__WHAT YOU WILL DO__. Would you please transcribe the data in full and exactly, excluding images?

__DATASET EXCERPT__.
== Segment start ==

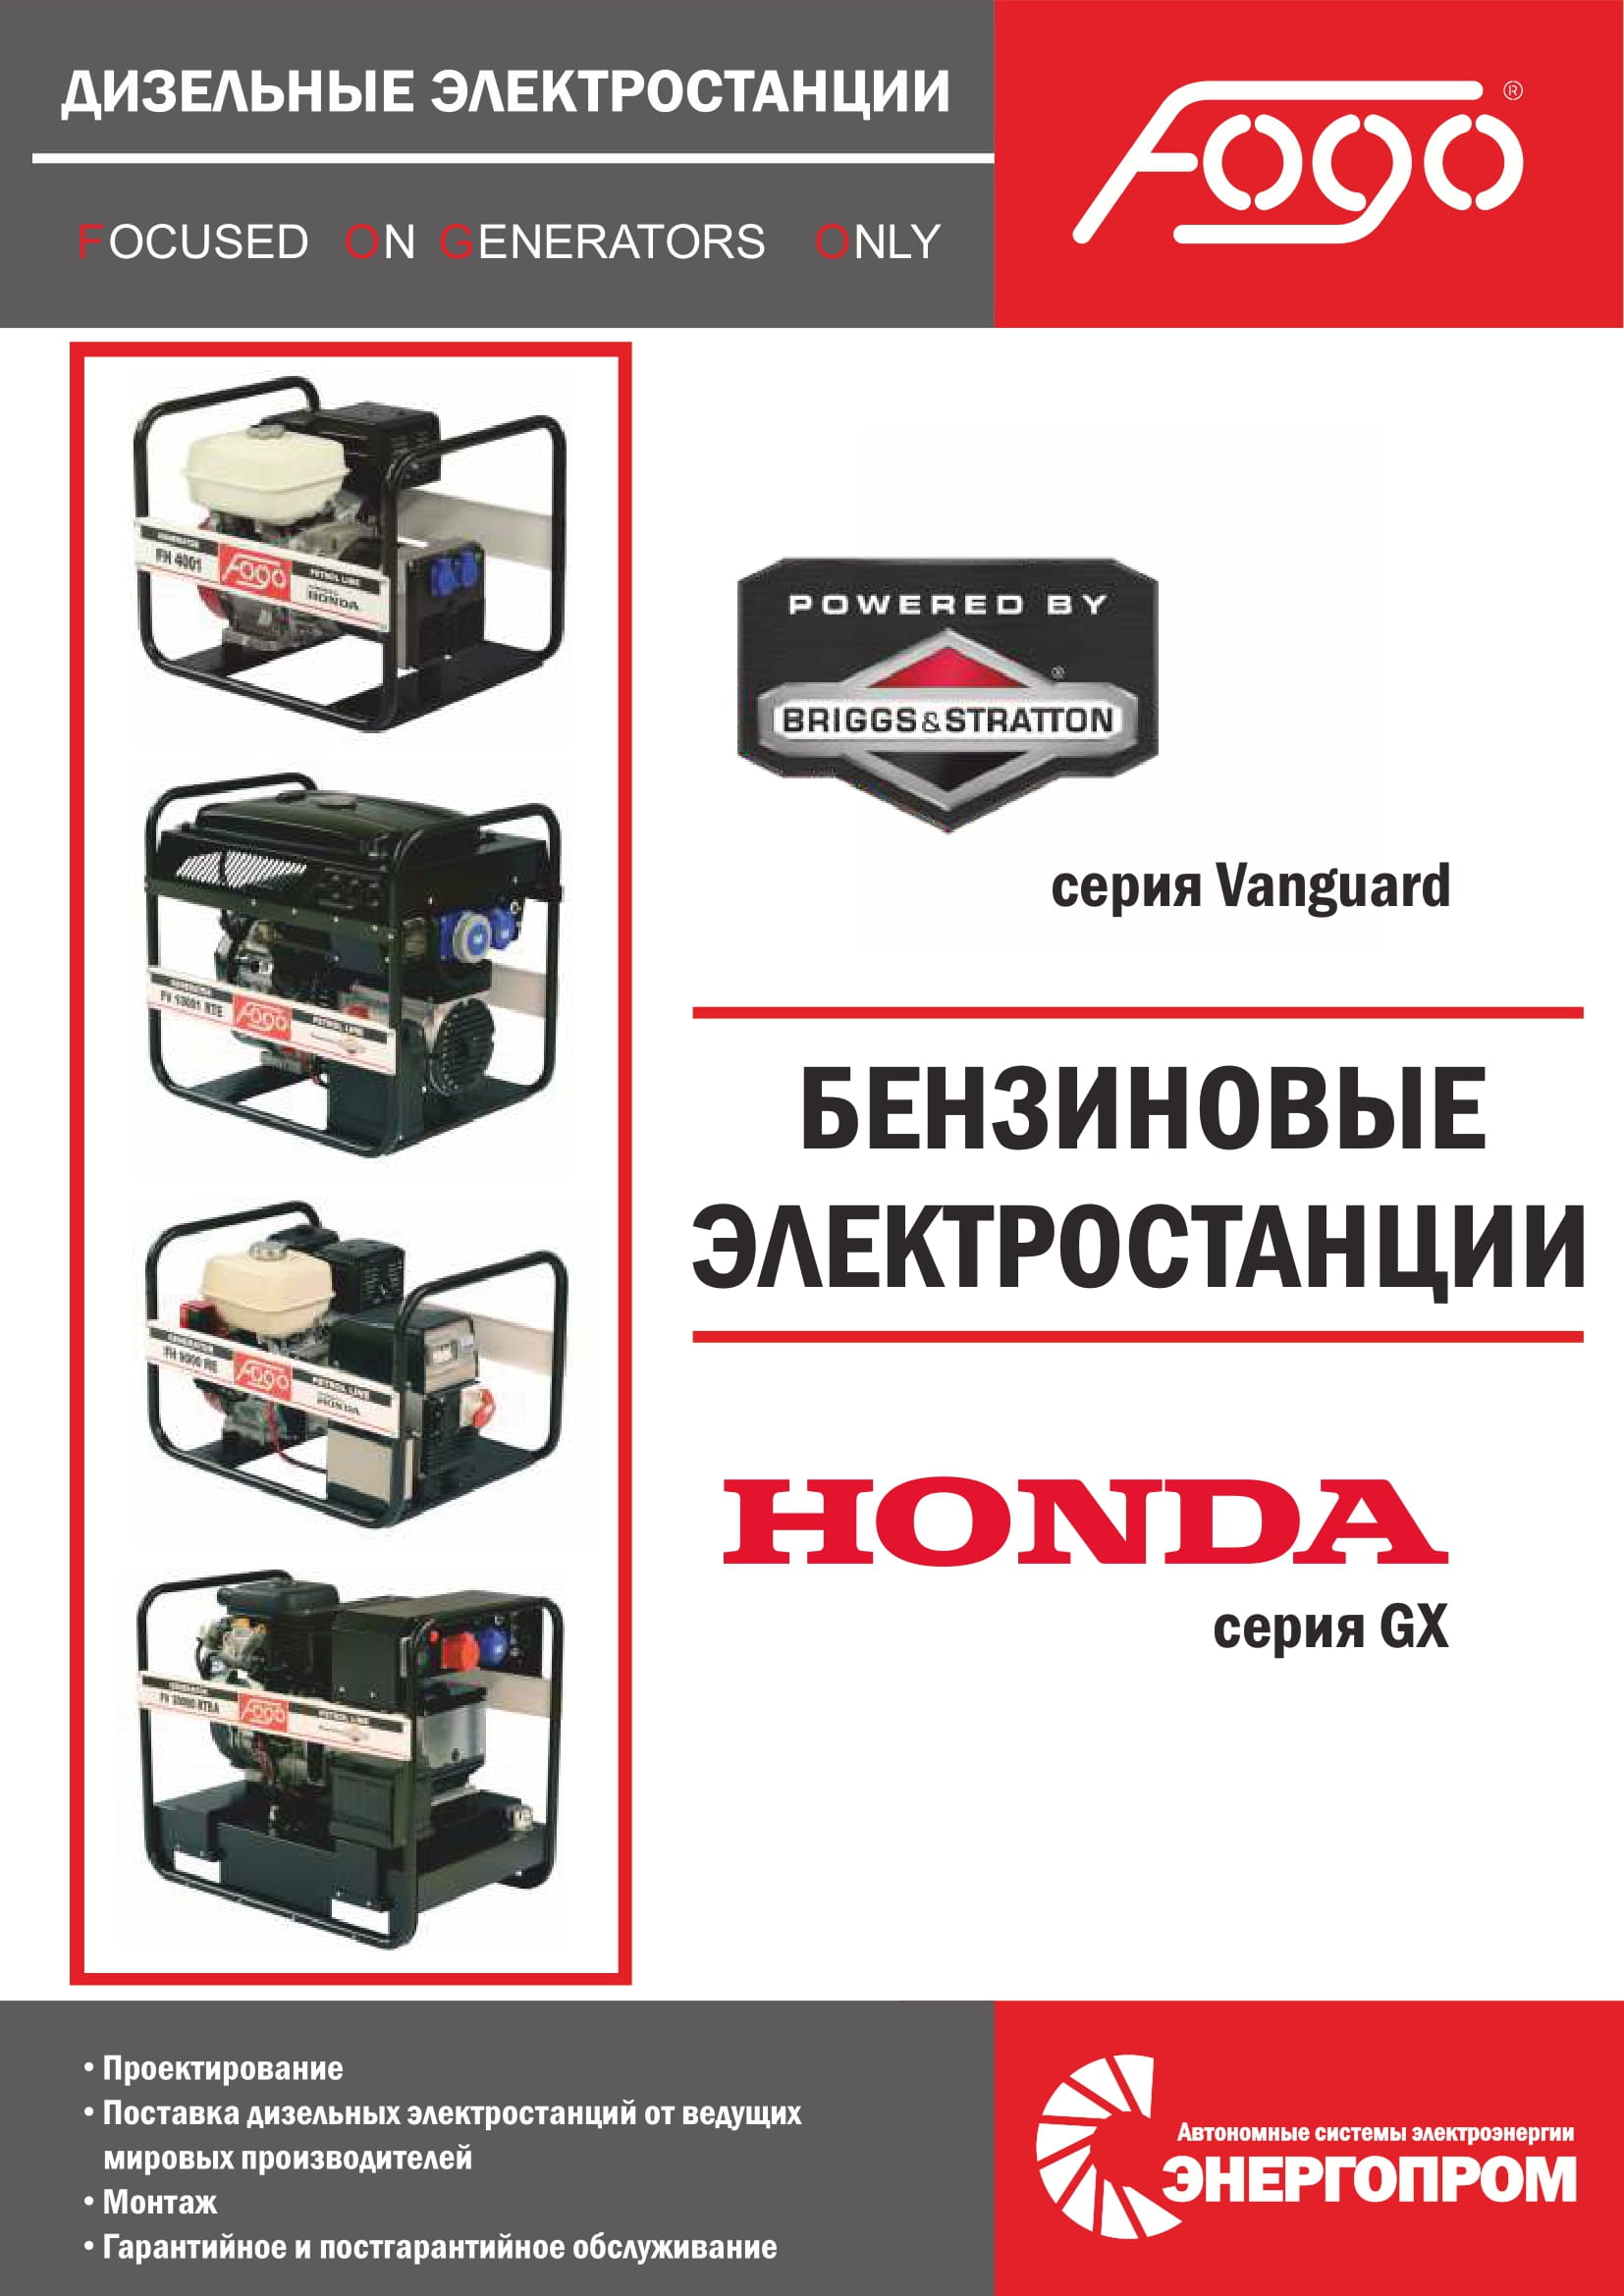 Honda, Vanguard
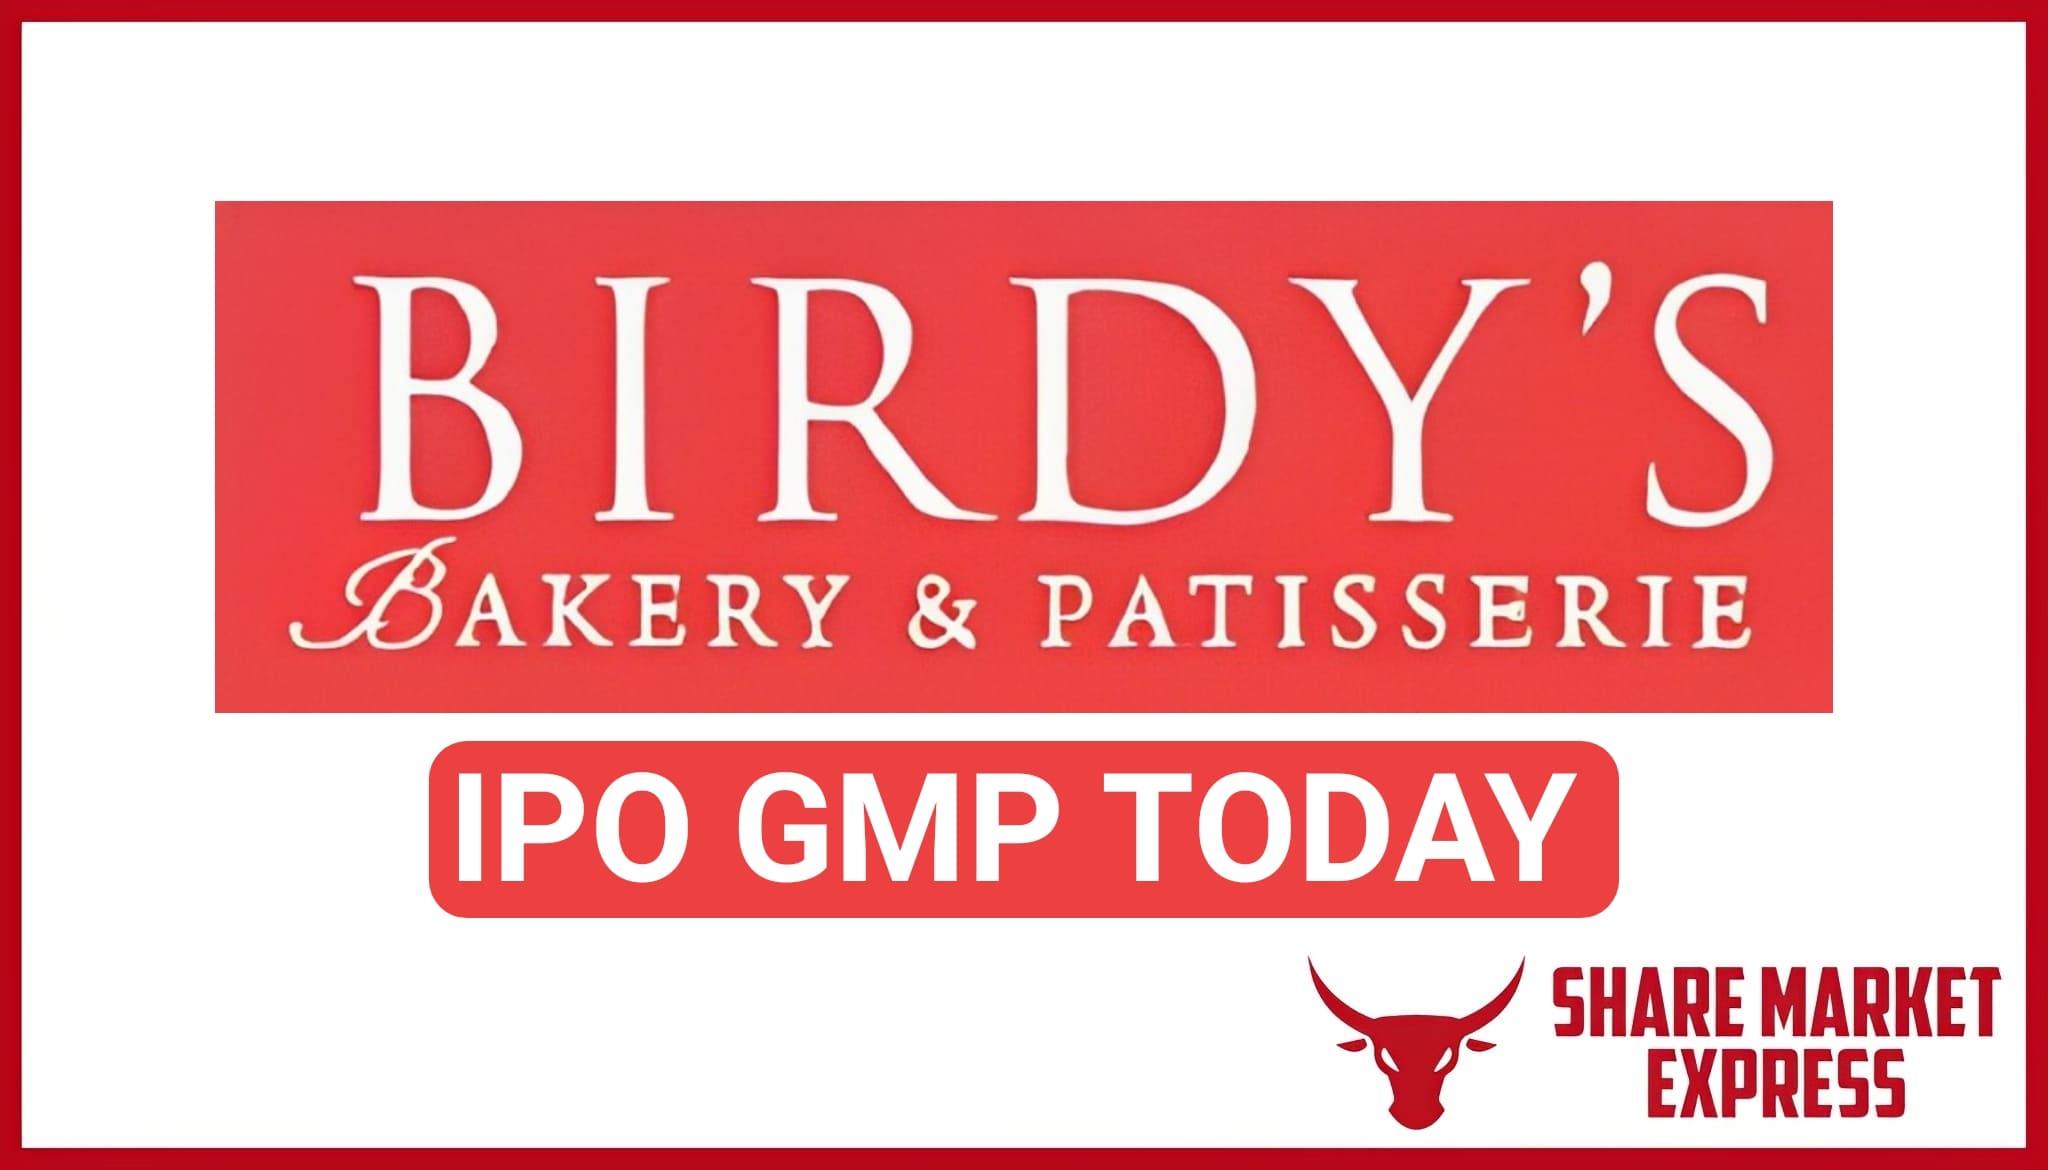 Grill Splendour Services IPO GMP Today
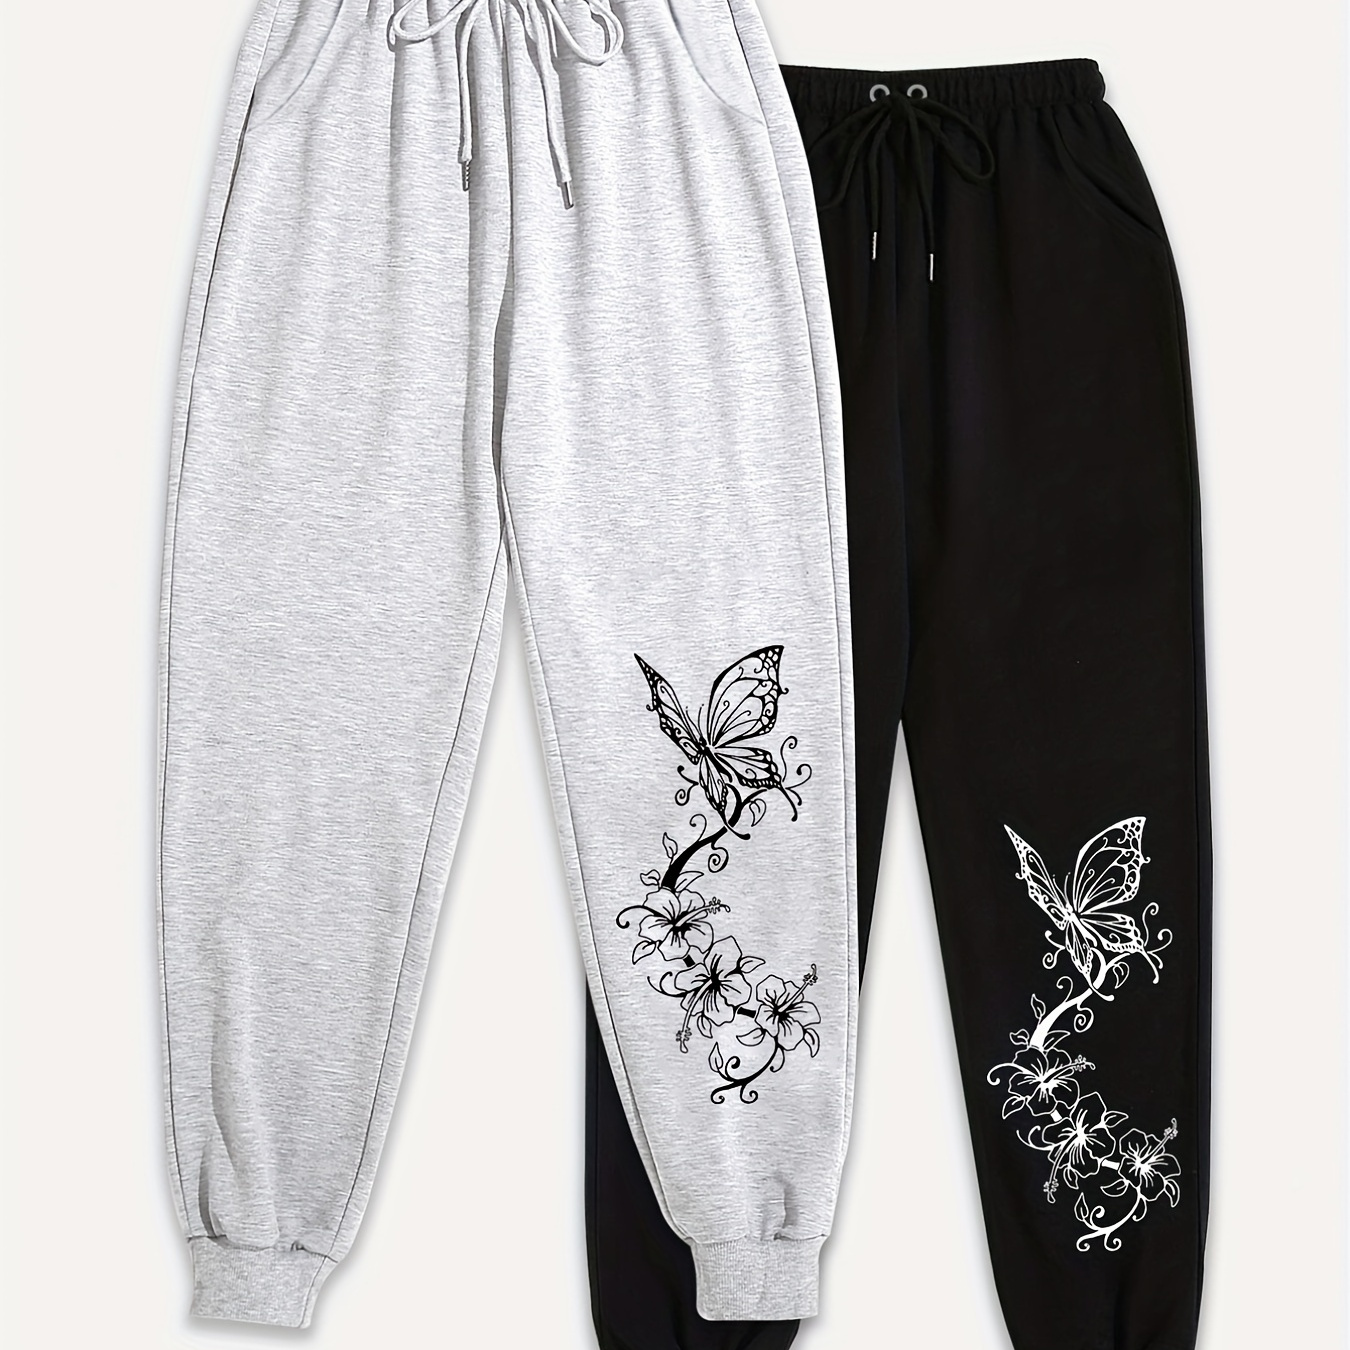 

Flower & Butterfly Print Sweatpants 2 Pack, Drawstring Waist Comfy Versatile Jogger Pants, Women's Clothing

== Segment end ==

__ANSWER TO THE EXERCISE__.
 Honda, Vanguard
 Grill Splendour Services IPO GMP Today

Flower & Butterfly Print Sweatpants 2 Pack, Drawstring Waist Comfy Versatile Jogger Pants, Women's Clothing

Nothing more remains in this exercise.